Во всяком случае, меня охватил страх. Я должна была сделать из этого выводы и выставить ее из дому как можно скорее…
— Чего вы боялись?
Она посмотрела в небо, полное поднятой ветром пыли.
— Мне кажется, это она чего-то боялась, а я переняла ее страх. Конечно, я с самого начала была взволнована. Это так не похоже на Стенли, привезти ее домой, словно все равно куда… Я чувствовала, что в моей жизни происходит переворот, а я ничего не могу сделать.
— Переворот в вашей жизни начался раньше. В июне, не так ли?
Она опустила глаза, полные потемневшего неба.
— В июне мы ездили в Сан-Франциско. Почему вам в голову пришел именно июнь?
— Это был последний месяц, когда Стенли сорвал листок с календаря в своем кабинете.
На улице остановился автомобиль с рычащим мотором и через минуту из-за угла дома показался мужчина. Было заметно, что он не слишком хорошо чувствует себя в строгом черном костюме. У него было длинное бледное лицо с рассеченными шрамами бровями. По асфальтовой дорожке он подошел к нам.
— Стенли Броудхаст дома?
— Не совсем… — неуверенно ответила Джин. — Вы его жена?
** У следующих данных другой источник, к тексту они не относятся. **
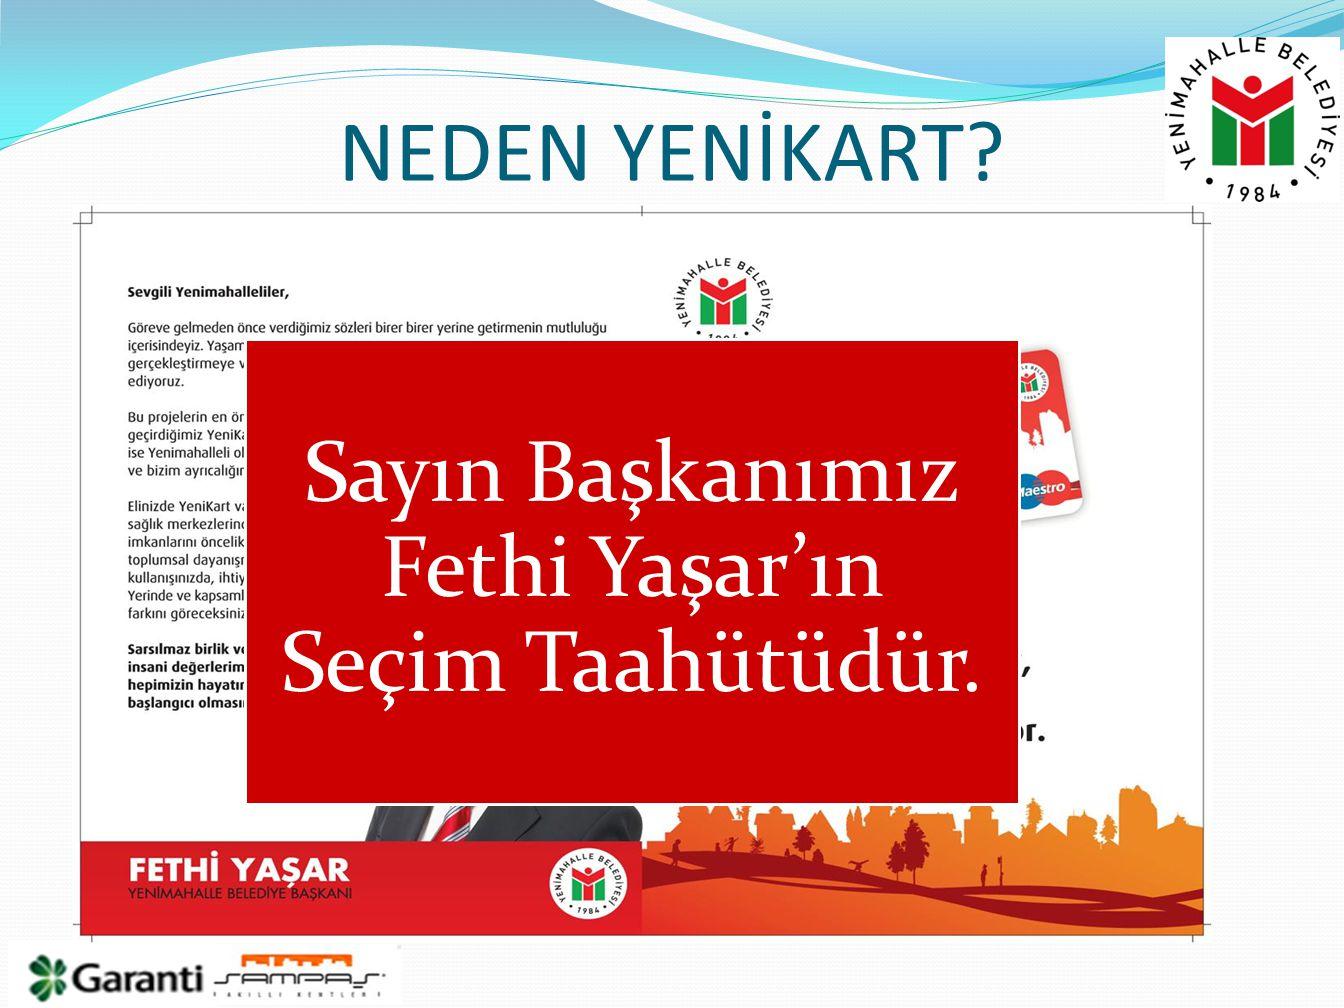 NEDEN YENİKART? Sayın Başkanımız Fethi Yaşar'ın Seçim Taahütüdür.

Он старался, чтобы это прозвучало приветливо, но в его голосе подрагивала агрессивная нотка.
— Да.
— Когда ваш муж должен прийти?
— Не знаю.
— Но хотя бы приблизительно вы должны знать.
— Но я не знаю…
— Но если вы не знаете, то кто может это знать?
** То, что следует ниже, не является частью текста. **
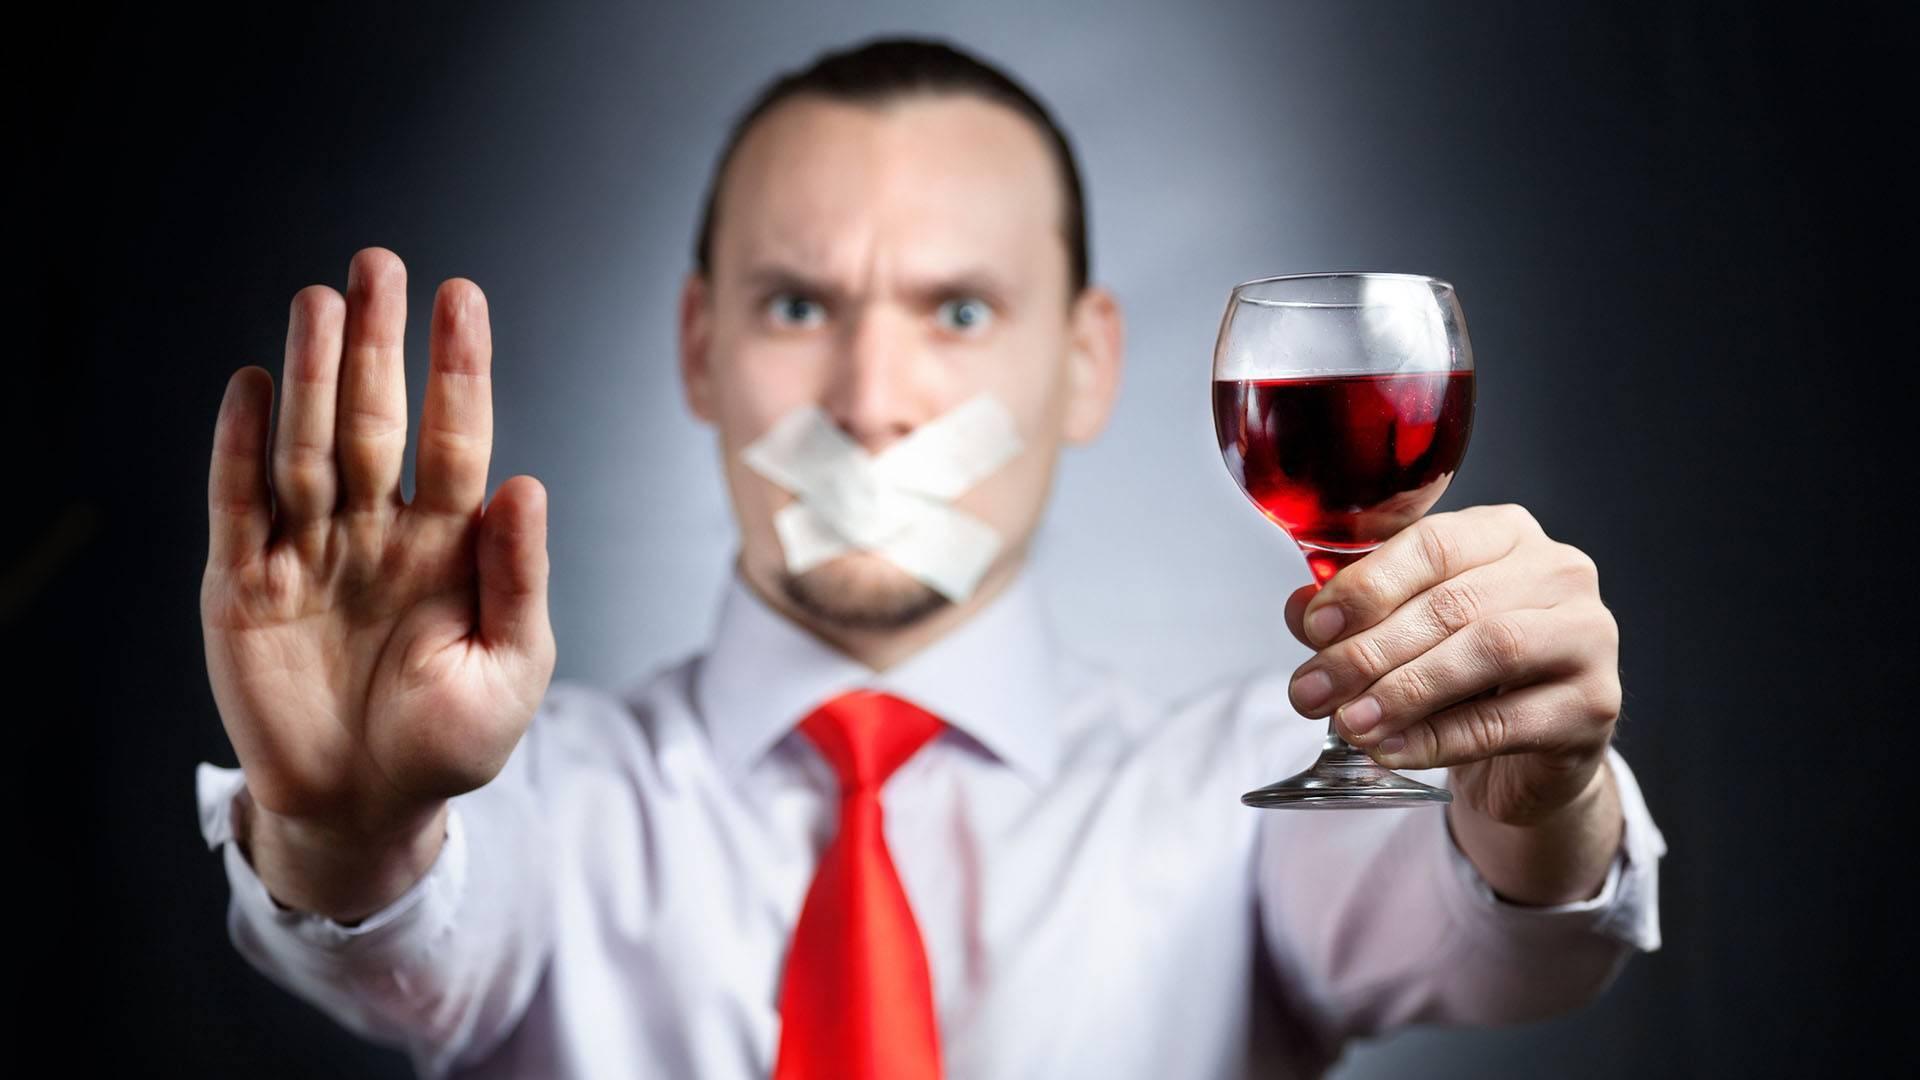 Можно ли резко бросить пить человеку с зависимостью?

Его выражение не сулило ничего хорошего. Я встал между ним и Джин.
— Броудхаст уехал на уик-энд. Кто вы и чего вам надо?
Он ответил не сразу, предварительно разыграв пантомиму удивления, хлопнув себя рукой по щеке. На лице остался красный оттиск четырех пальцев. — Ну, кто я — это мое дело. Я хочу получить свои деньги. Вы увидите его скорей, чем я, так скажите ему это. Вечером я собираюсь свалить из города и мне нужны мои деньги.
— О каких деньгах вы говорите?
— Это наше дело, Броудхаста и мое. Вы только передайте ему. Скажите ему, что я согласен ровно на тысячу, чтобы только до вечера все получить. А если нет, — я не остановлюсь ни перед чем. Скажите ему, мистер.
Но его холодные глаза не верили в то, что произносят губы. От него за три версты несло преступным миром. Лицо покрывала тюремная бледность, а в солнечном свете он себя чувствовал неуверенно и стоял под самой стеной, будто подсознательно искал каких-нибудь ограничителей жизненного пространства.
— У моего мужа нет таких денег…
— Но есть у его мамочки.
— Что вам может быть известно о его мамочке? — спросила Джин тонким срывающимся голосом.
— Что она обеспеченный человек. Он обещал, что возьмет у нее и вечером будет ждать меня с деньгами.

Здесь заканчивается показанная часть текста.